---------- Collected data
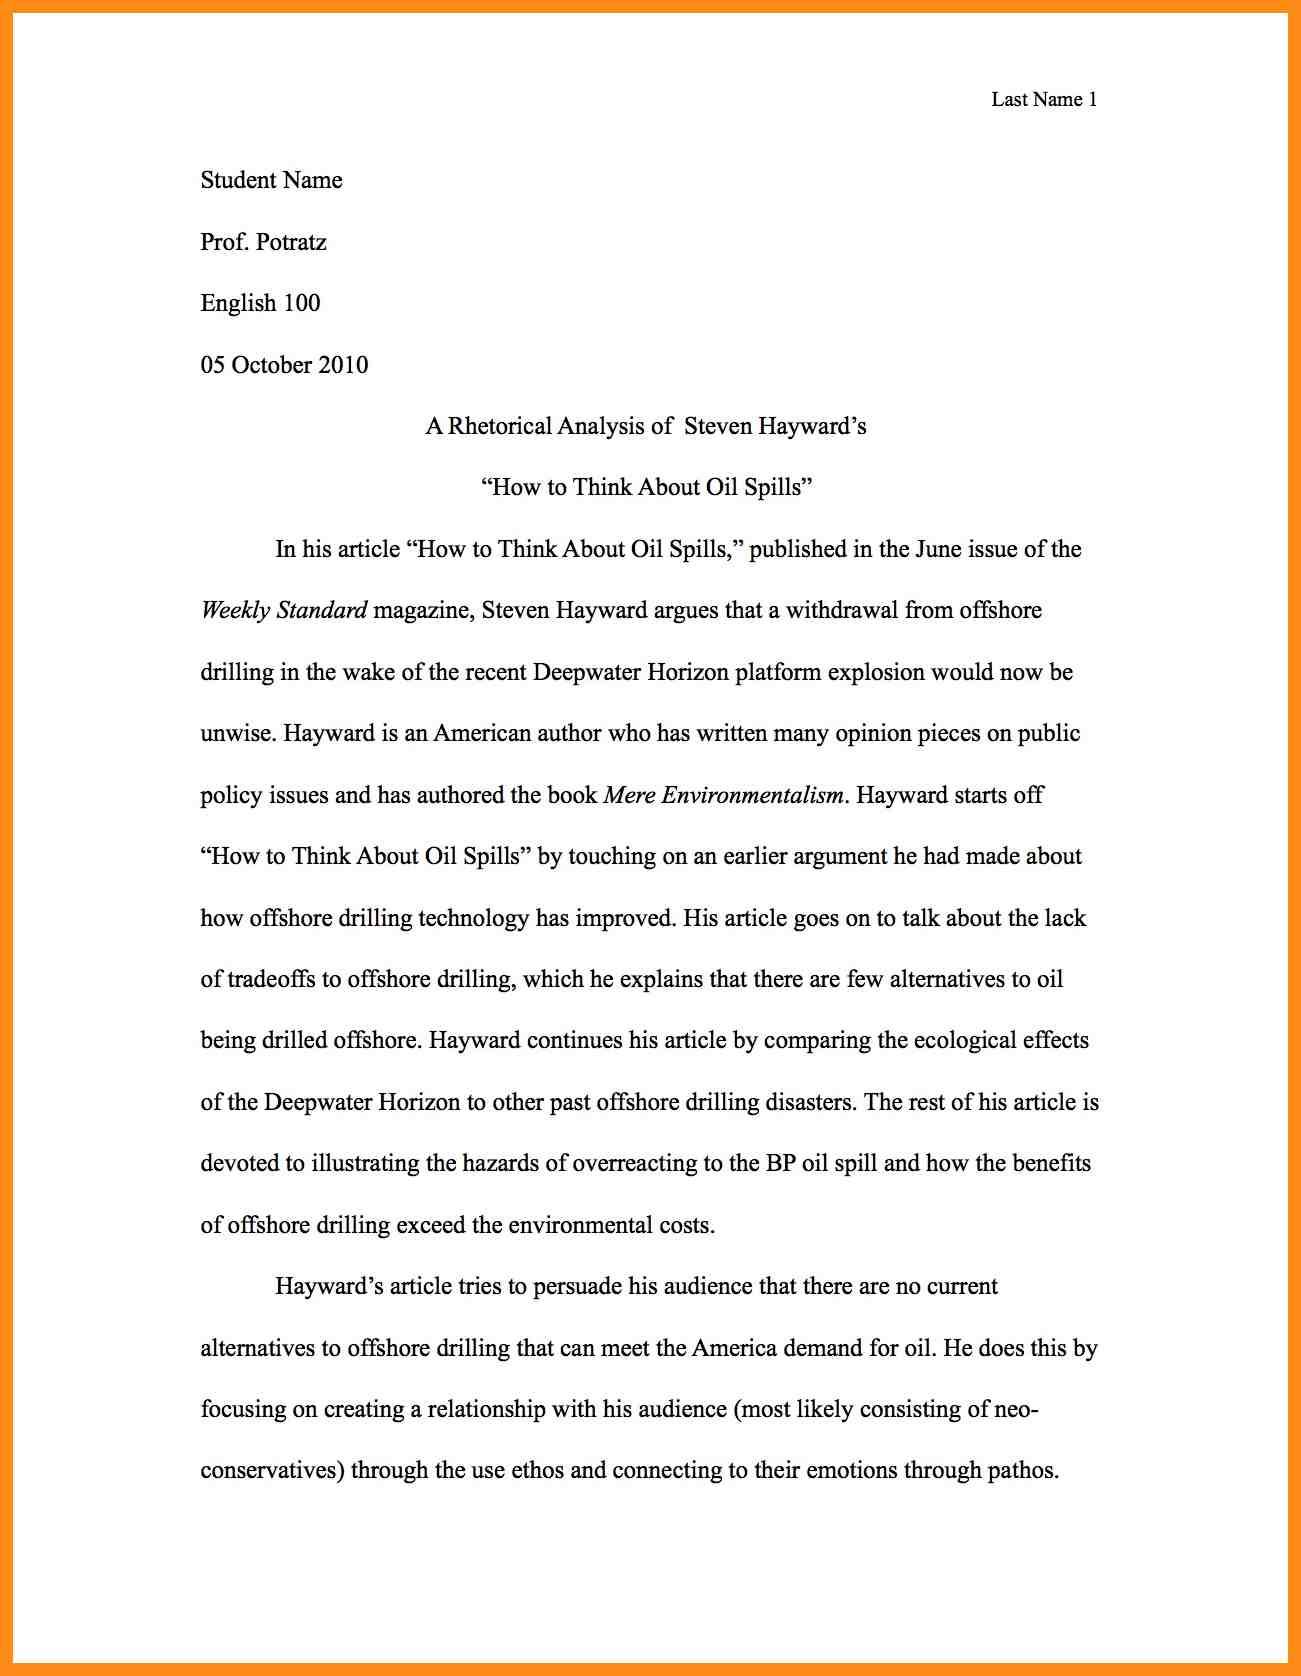 001 Write Best Rhetorical Analysis Essay Example Of Using Ethos Pathos And Logos Pdf Unusual Examples Ap Lang Strategies Full
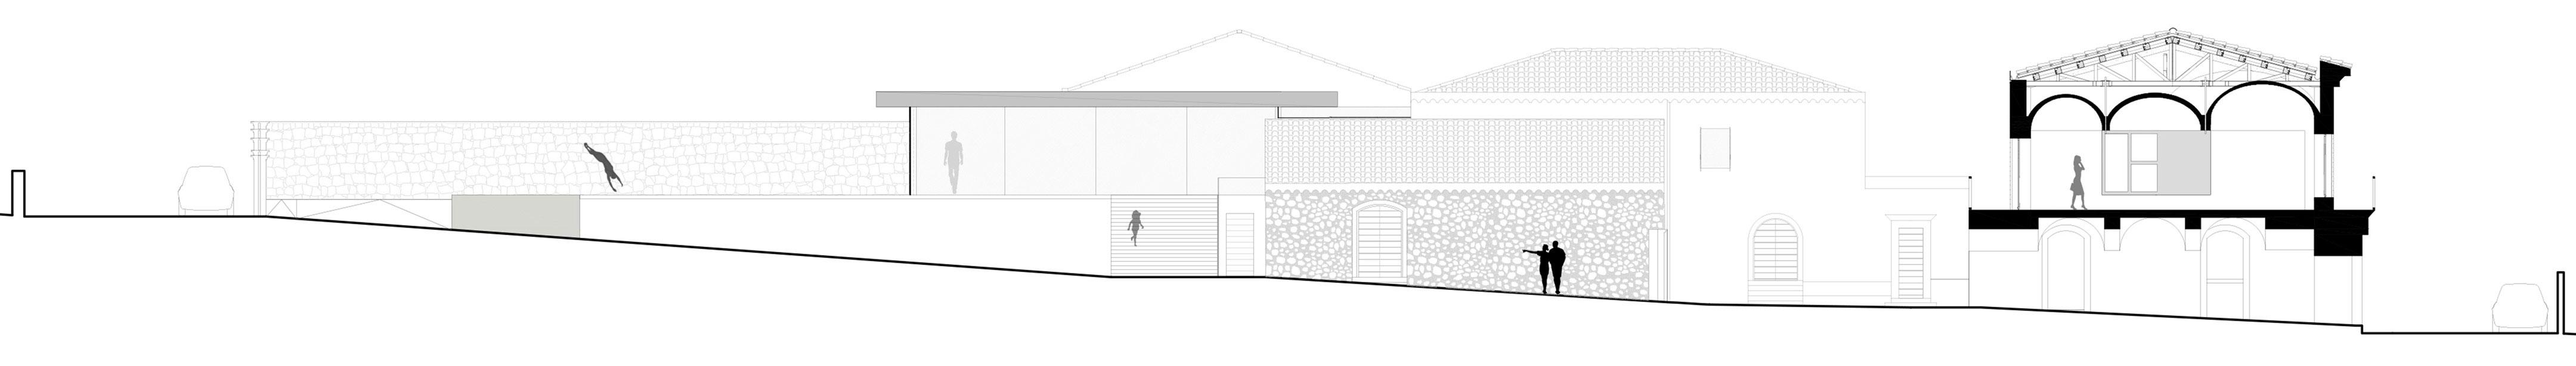 CRV House in Viagrande by ACA Amore Campione Architettura-31
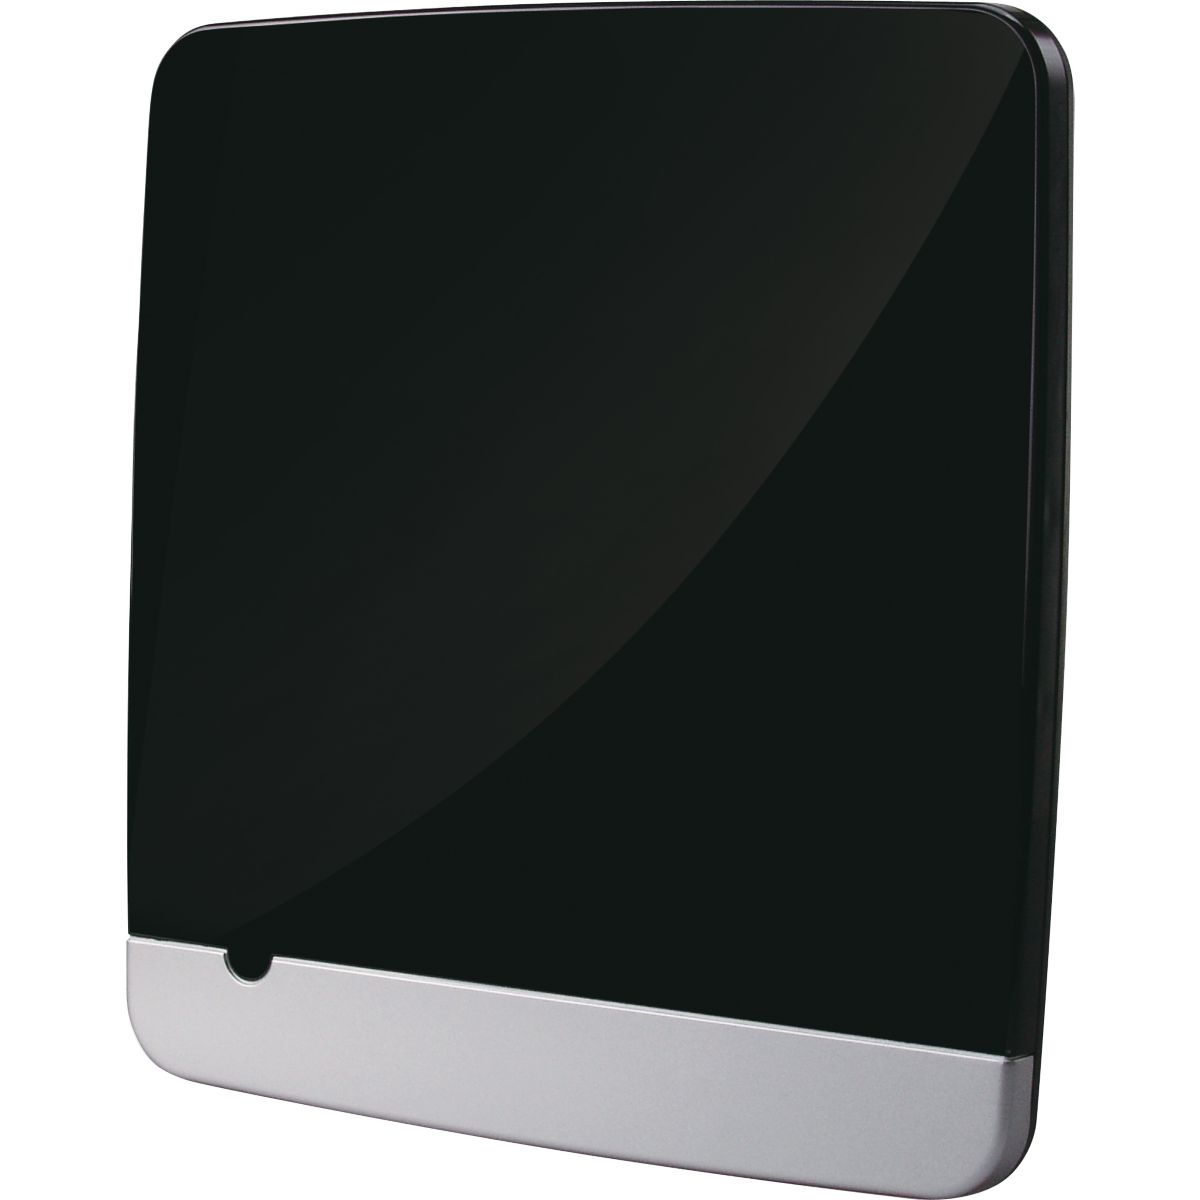 Antenne int�rieure essentielb melina ii 45db 4g - livraison offerte : code premium (photo)
--------------------
## Exercise prompt
Copy the data exactly. Any picture it contains is to be omitted.

## Exercise solution
 001 Write Best Rhetorical Analysis Essay Example Of Using Ethos Pathos And Logos Pdf Unusual Examples Ap Lang Strategies Full
 CRV House in Viagrande by ACA Amore Campione Architettura-31
 Antenne int�rieure essentielb melina ii 45db 4g - livraison offerte : code premium (photo)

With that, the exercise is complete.